NDP caucus hands out two more treats before leaving town

A grateful Karen Greig, Manager of the Osoyoos Child Care Centre, thanks provincial Minister of Children and Family Development Katrine Conroy for $900,000 in expansion funding delivered Tuesday. Parent and centre board member Sonia Rezka also shared her gratitude.

The project-dripping visit that was a provincial NDP caucus visit to Osoyoos wrapped up Tuesday with two additional funding announcements — providing for an addition to the Osoyoos Child Care Centre and improvements to a multi-use pathway in the east end of the community.

The first came when Katrine Conroy, B.C.’s Minister of Children and Family Development, and Katrina Chen, the provincial Minister of State for Child Care, visited with Town officials and staff at the largest of the community’s three licensed child care facilities and delivered $900,000 in funding.

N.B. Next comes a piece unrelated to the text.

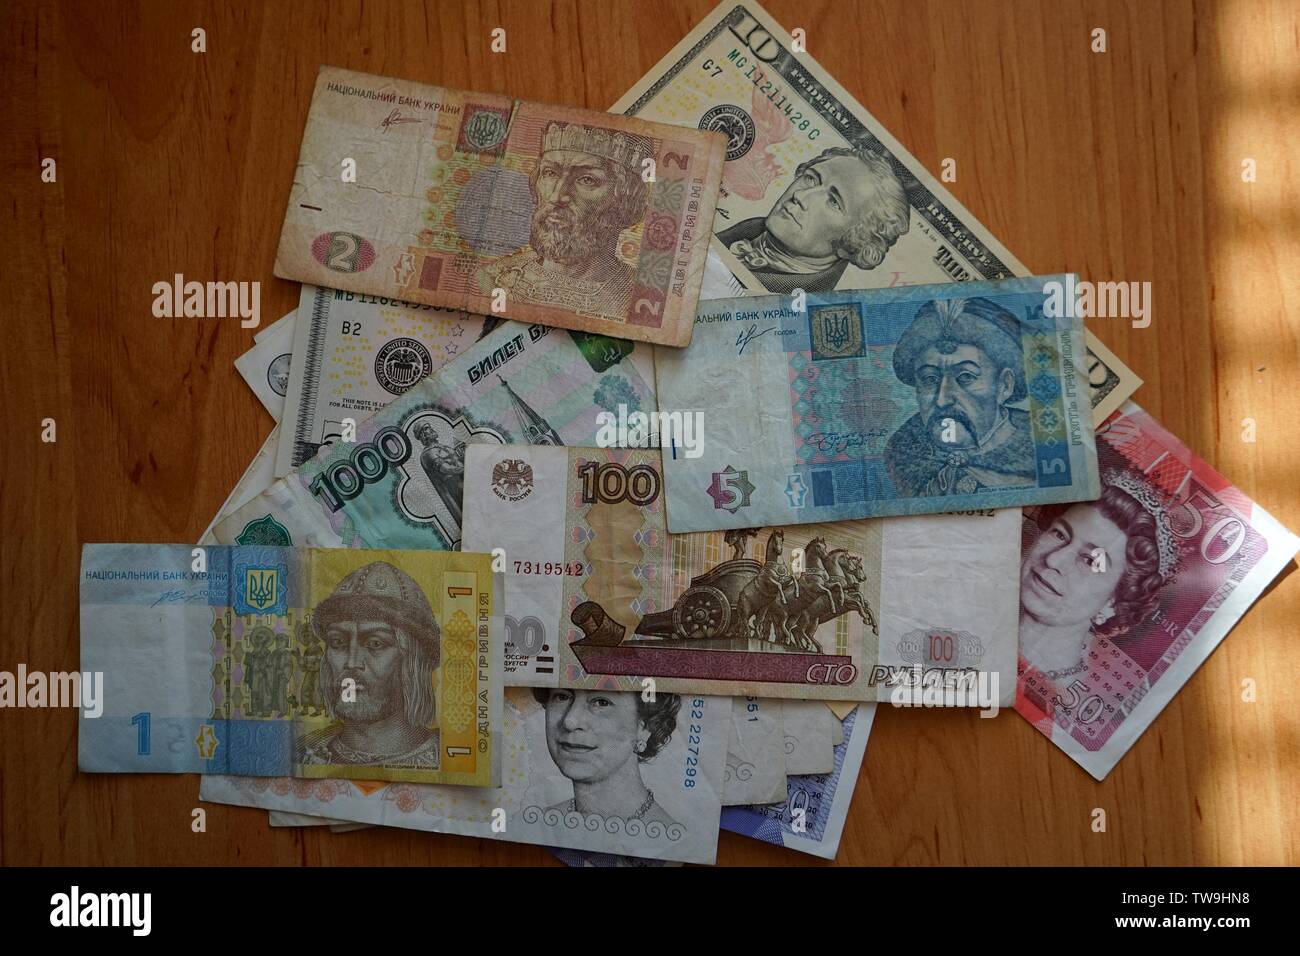 Eine kleine Auswahl der Weltwährungen, Rubel, Euro, Dollar und Pfund. Stockfoto

“Our intention is to expand our building,” said manager Karen Greig. “We often see that toddlers and infants don’t mix because toddlers are busy exploring and the little ones sometimes get stepped on, unfortunately.

“We’ll separate the space but being able to use it outdoors, creating some much-needed storage and just developing some more programs.

The funding is expected to add 18 new licensed child care spaces to the Centre — the first expansion since the centre opened more than 20 years ago.

That will allow the centre to add eight spaces for infants and toddlers, and 10 for children aged three years to kindergarten.

This expansion will take the total number of spaces to 61, an increase of more than 40%.

“We know that families in towns across the province are struggling to find licensed child care spots, and that one of the best ways to solve the space shortage is to work with local governments,” said Ms. Chen.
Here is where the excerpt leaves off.